4.4 If a share or a share option is held jointly by multiple parties, the joint shareholders or option holders shall be represented in their dealings with the company by a single person authorised in writing by all the joint shareholders or option holders.
5.1 The issuance of shares shall require a resolution by the general meeting, which also stipulates the issue price and other terms. The nominal value of a share shall be paid up when the share is acquired, notwithstanding the provisions of the second sentence of Article 2:191, clause 1, of the Civil Code.
5.2 The general meeting may transfer the authority conferred upon it by the preceding clause to another organ of the company, and may subsequently revoke any such transfer.
5.3 In the event of a share issue, each shareholder shall be granted a preferential option to acquire further shares proportionate to the aggregate nominal value of the shareholder's holding on the day of issue. Any such preferential option shall be non-transferrable. In the context of a given share issue, preferential options may be limited or withheld by a resolution of the general meeting. If, pursuant to Article 5.2, the general meeting has transferred the authority referred to in Article 5.1 to another organ of the company, the authority referred to in the preceding sentence shall similarly rest with that other organ of the company for a similar duration.
5.4 The provisions of the preceding clauses of this article shall apply equally to the granting of share options.
5.5 The provisions of the preceding clauses of this article shall apply equally to the granting of share options.
6.1 The company shall not acquire shares in its own capital in the context of a share issue.
6.2 The executive board shall decide whether shares in the capital of the company are to be acquired. The acquisition by the company of unpaid shares in the company's capital shall be invalid.
6.3 Unless the acquisition is at no cost, the company shall not acquire paid-up shares in its own capital if:
a) the company's equity capital, minus the acquisition price, would be less than the reserves that must be held to comply with the law or these Articles of Association; or
b) the executive board knows or may reasonably anticipate that, following the acquisition, the company will be unable to continue servicing its debts.

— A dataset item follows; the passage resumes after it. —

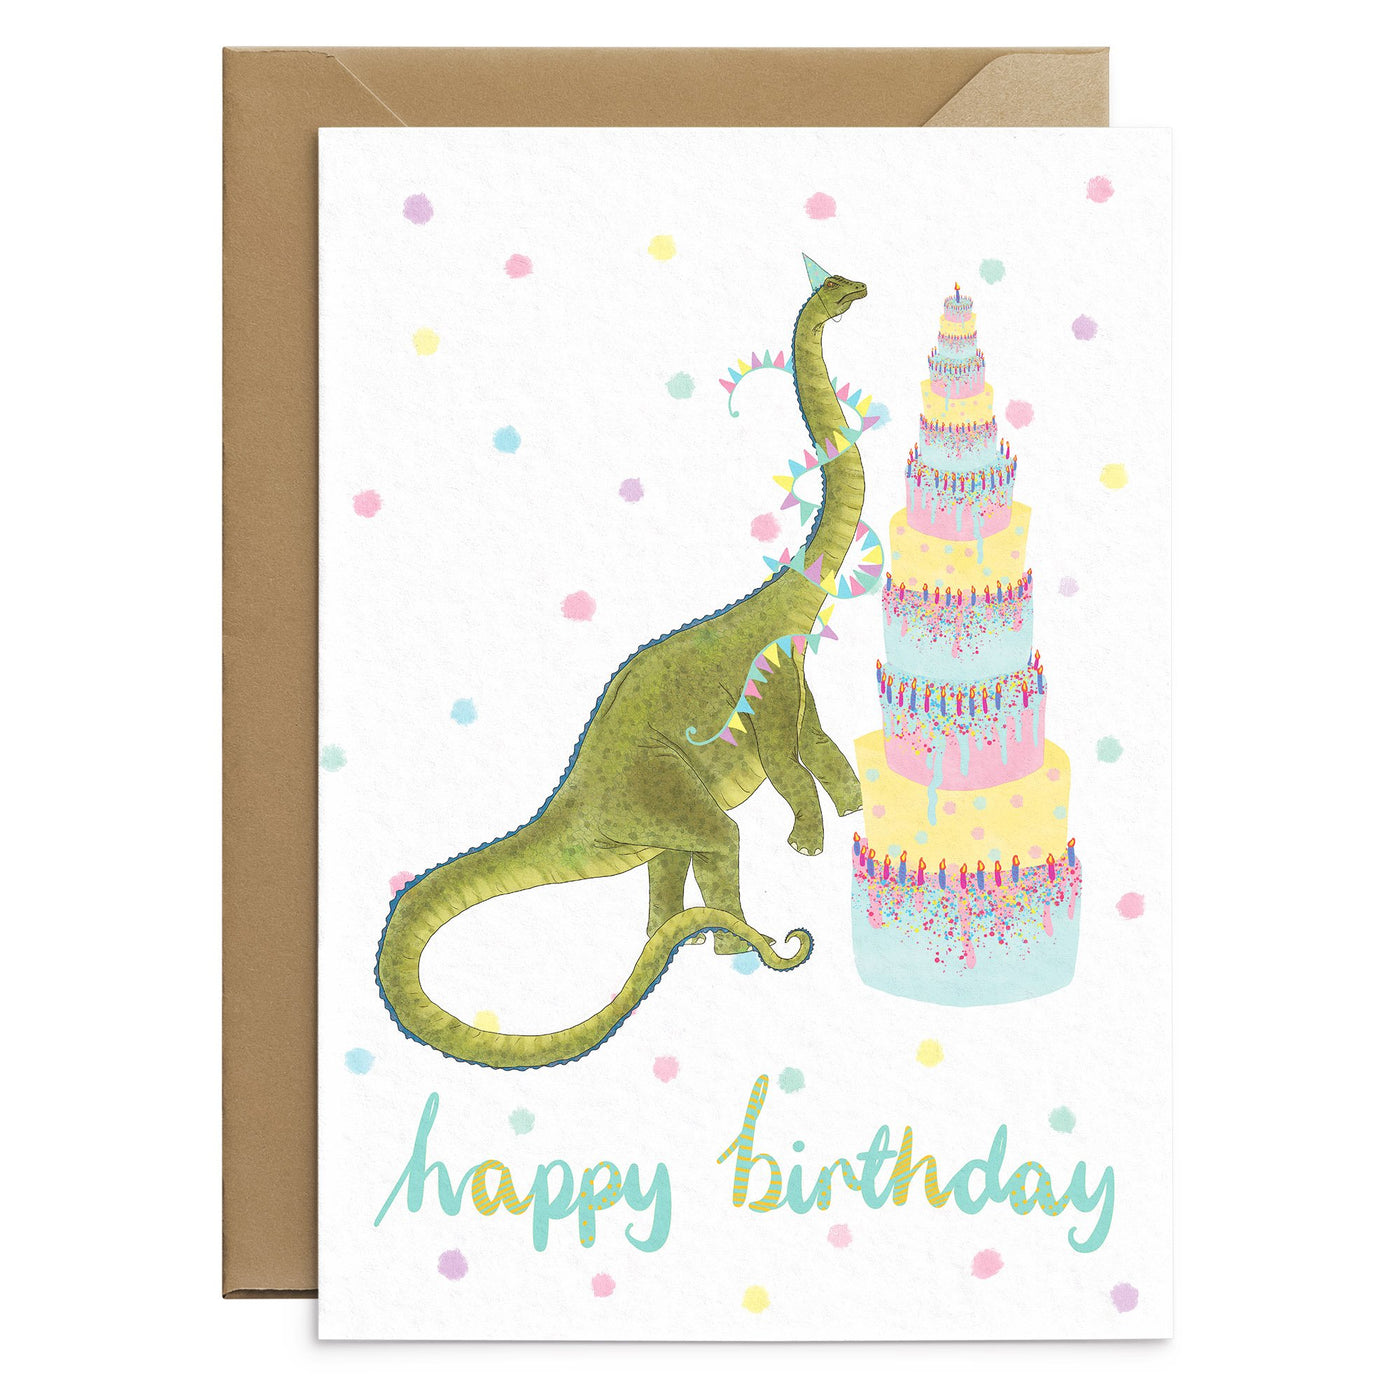 Diplodocus Dinosaur Birthday Card - Poppins & Co.

6.4 If, following an acquisition, the company is unable to continue servicing its debts, all executive board members who, at the time of acquisition, knew or should reasonably have anticipated that such a situation would arise shall be jointly and severally liable to the company for the shortfall arising out of the acquisition, plus interest at the statutory rate, calculated from the date of the acquisition. The other provisions of Article 2:207, clause 3, of the Civil Code shall apply in that context. If the transferor of the shares in question knew or should reasonably have anticipated that the company would be unable to continue servicing its debts, the transferor shall be liable to the company for the shortfall arising out of the acquisition, insofar as that shortfall does not exceed the acquisition price of the shares in question, plus interest at the statutory rate, calculated from the date of the acquisition. If the executive board members have settled their liabilities arising out of the first sentence of this clause, the payment to the executive board members referred to in the previous sentence shall be pro rata to the portion of the liability settlement made by each individual executive board member. Neither the executive board members nor the transferor shall be entitled to offset their liabilities arising out of the provisions of this article.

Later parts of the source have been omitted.